Not sure about the first part but that second part seems accurate.

>> No.3599039

judge is god

>> No.3600711
File: 467 KB, 1024x1024, Lecture on Geology by Judge Holden.jpg [View same] [iqdb] [saucenao] [google]
3600711

>mon visage quand this thread

the judge is the resurrected moby dick and ahab as one. whereas in moby dick, ahab is trying to get an answer for whether or not there is absolute meaning to the universe (read: ontological dilemma):
ahab gets leg chomped by moby dick: seeks it out to see if moby dick is an intelligent divine entity (if there's an absolute meaning to the universe or not), or if moby dick's just an unintelligent brute beast (there is no absolute meaning to the universe - nihilism). this mirrors the ontological dilemma the West has had for the last few thousand years.

instead of the normal translation: instead of the polytheistic answer that Melville gives (that it isn't one way or the other), as seen with ahab not getting an answer and getting taken down into the indeterminate ocean ~ meanwhile ishmael survives floating on queequeg's polytheistic coffin.

blood meridian says that there is an answer to the ontological dilemma: "war is god", recalling heidegger's "conflict/war (polemos) and logos (god/the gathering) are the same," recalling heraclitus' war/strife (polemos) is the father of all things."

strife/conflict/war is what brings being into being. this is an ontological claim though, and the judge confuses its truth for the ontic. we see this in the way that yes, conflict out-competes cooperation, but there are times where cooperation out-competes conflict. this is the nonviolent thinking that heidegger wants us to get back to.

>> No.3601030 [DELETED] 

>>3596504
"And yet you've played the greatest parts! You've played Shakespeare! You've played Hamlet! Have you never been touched in your inmost soul when speaking that tremendous monologue: To be or not to be...."

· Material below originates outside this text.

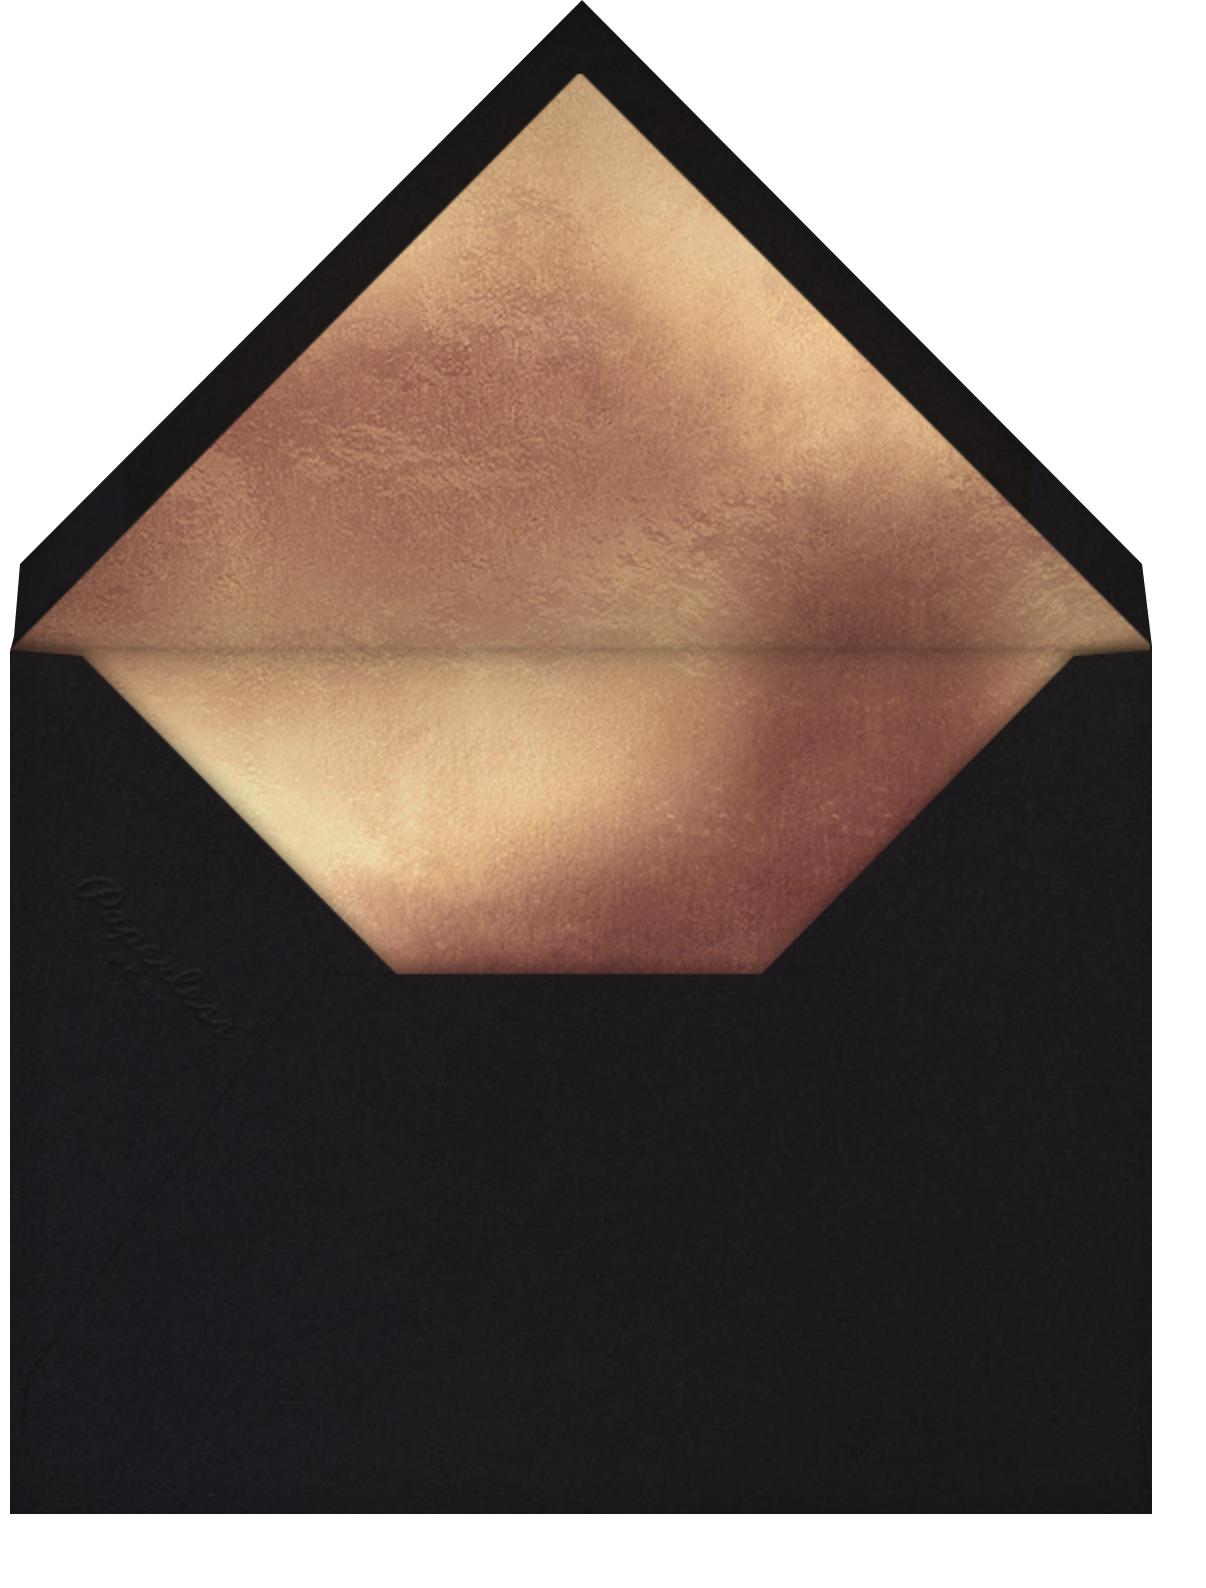 Stellar Birthday - Rifle Paper Co. - Envelope

"What do you mean by tremendous?"

"Full of profound thought."

"Do explain yourself! Is it so full of profound thought to say: Shall I take my life or not? I should do so if I knew what comes hereafter, and everybody else would do the same thing; but as we don't know, we don't take our lives. Is that so very profound?"

"Not if expressed in those words."

"There you are! You've surely contemplated suicide at one time or another? Haven't you?"

"Yes; I suppose most people have."

"And why didn't you do it? Because, like Hamlet, you hadn't the courage, not knowing what comes after. Were you very profound then?"

"Of course I wasn't!"

"Therefore it's nothing but a banality! Or, expressed in one word it is—what is it, Gustav?"

"Stale!" came a voice from the clock, a voice which seemed to have waited for its cue.

don't steal from strindberg, it's not cool

>> No.3601639

>>3589644
the judge was the necessary violence it took to tame the west.
our empire is possible because of his violence.

the epilogue is about fence posts dividing up the now tame lands.